Site icon nuga.co

Everton Bikin Arsenal Frustrasi di Emirates

Everton telah memulai langkah besar di Premier League dengan membuat Manchester United bertekuk di “Rabu Hitam,” pertengahan pekan lalu, dan mengandaskan ambisi Arsenal untuk menjalani “ritual” juara “psaruh pertama musim ini” dengan enteng, setelah Senin, 09 Desember 2013, dinihari WIB, di Emirates Stadium menyudahi laga 1-1.

Everton tidak hanya tampil meng”gigit,” tapi juga memberitahu “The Gunners,” bahwa mereka merupakan calon juara dalam posisi yang berbeda. Arsenal boleh bangga dengan tampilan Mesut Oezil yang “impresif” dan mampu memberi determinasi yang lebih terbuka bagi permainan klub London Utara itu.

Tapi Everton, memiliki Gerard Deulofeu yang mematikan tempi sorak Emirates untuk memangkas gol Oezil dan membiat Arsenal hanya bisa menggenggam satu poin sebagai tambahan bagi mengukuhkan diri di puncak klasemen.

Dari lima belas laga yang sudah mereka mainkan di Premier League, Arsenal masih unggul dengan 35 poin dan belum terkejar oleh “trio muskater,” Liverpool, Chelsea dan Citizien. Mereka berjarak lima angka dari Liverpool di posisi dua dengan yang mengumpulan tiga puluh angka.

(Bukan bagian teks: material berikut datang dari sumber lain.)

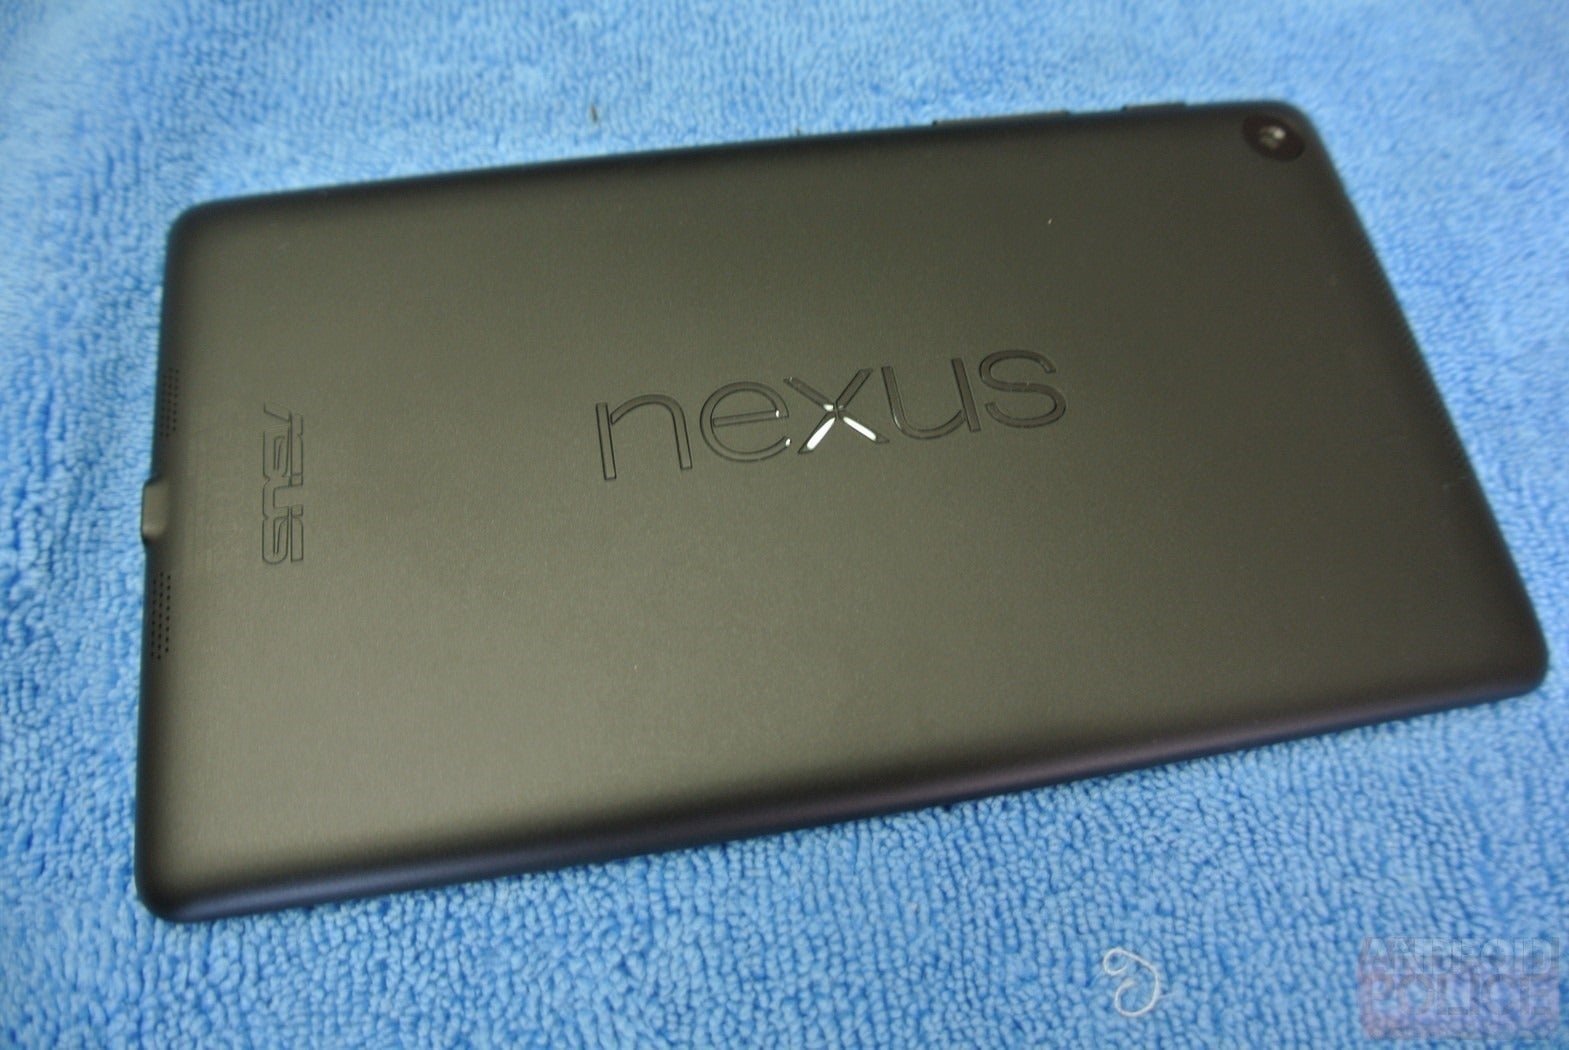 Logo Nexus en la Nexus 7 II

Everton sendiri masih di trek juara. Berada di posisi lima, klub yang ditinggali David Moyes, setelah sebelas tahun sebagai pelatih, mereka berjarak tujuh poin dari Arsenal. Everton sedang mengejar asa untuk mengulang sejarah lama, pernah sembilan kali juara Premier League, dan terakhir untuk musim kompetisi 1986-1987, atau dua puluh enam tahun lalu.

Hasil seri melawan Arsenal adalah tren impresif Everton di paruh pertama musim ini, di mana mereka sudah meraih tujuh kemenangan, tujuh hasil imbang dan sekali kalah. Rangkaian hasil tersebut membuat Everton bertekad bulat mengejar posisi Champions League di Premier League.

“Saya selalu bilang kalau Liga Champions harus menjadi target buat Everton,” kata sang pelatih, Martinez di “TalkSport”.

“Klub ini punya sejarah kemenangan, Kami sudah memenangi sembilan titel di masa lalu dan kami butuh untuk mendapatkan lagi hal tersebut, dan itu memberi kami harapan,” lanjut manajer asal Spanyol itu.

Upaya bertarung masuk Liga Champions dan jadi juara diakui Martinez tidak akan mudah. Salah satu alasannya adalah kekuatan finansial Everton yang tidak sesolid enam klub papan atas Premier League. Tapi Martinez memastikan kalau hal terseut tidak akan mengendurkan semangatnya.

“Jelas kami tidak bekerja dengan menggunakan dana yang sama seperti yang dipunya enam klub papan atas. Tapi saya selalu merasa kami harus cukup kreatif dari satu hari ke hari lain untuk bisa masuk zona Liga Champions. Itu bisa memakan waktu satu tahun atau mungkin lebih, tidak ada yang tahu, tapi itu adalah target utama kami.”

“Beberapa pekan terakhir sangat menantang buat kami, pergi ke Old Trafford dan Emirates. Itu ujian yang sesungguhnya, bukan hanya untuk kualitas kami tapi juga karakter, dan kami pikir kami berhasil melewatinya dengan hasil memuaskan,” tuntas Martinez

Roberto Martinez, mengaku puas dengan penampilan timnys seusai menahan imbang Arsenal.Ia menilai Everton masih harus belajar agar dapat tampil lebih baik.

Everton tertinggal lebih dulu setelah Mesut Oezil membobol gawang Tim Howard pada menit ke-80. Akan tetapi, empat menit berselang, The Toffees mampu menyamakan kedudukan berkat torehan pemain pengganti, Gerard Deulofeu.

“Performa pada babak pertama sudah bagus karena bermain di Emirates, kami bisa keluar dari tekanan pertandingan dan menghentikan permainan Arsenal serta menciptakan ancaman,” ujar Martinez seperti dilansir BBC.

Menurut catatan Soccernet, sepanjang pertandingan, Arsenal menguasai bola sebanyak 44 persen dan menciptakan lima peluang emas dari 11 usaha. Adapun tim tamu melepaskan empat tembakan akurat dari 15 percobaan.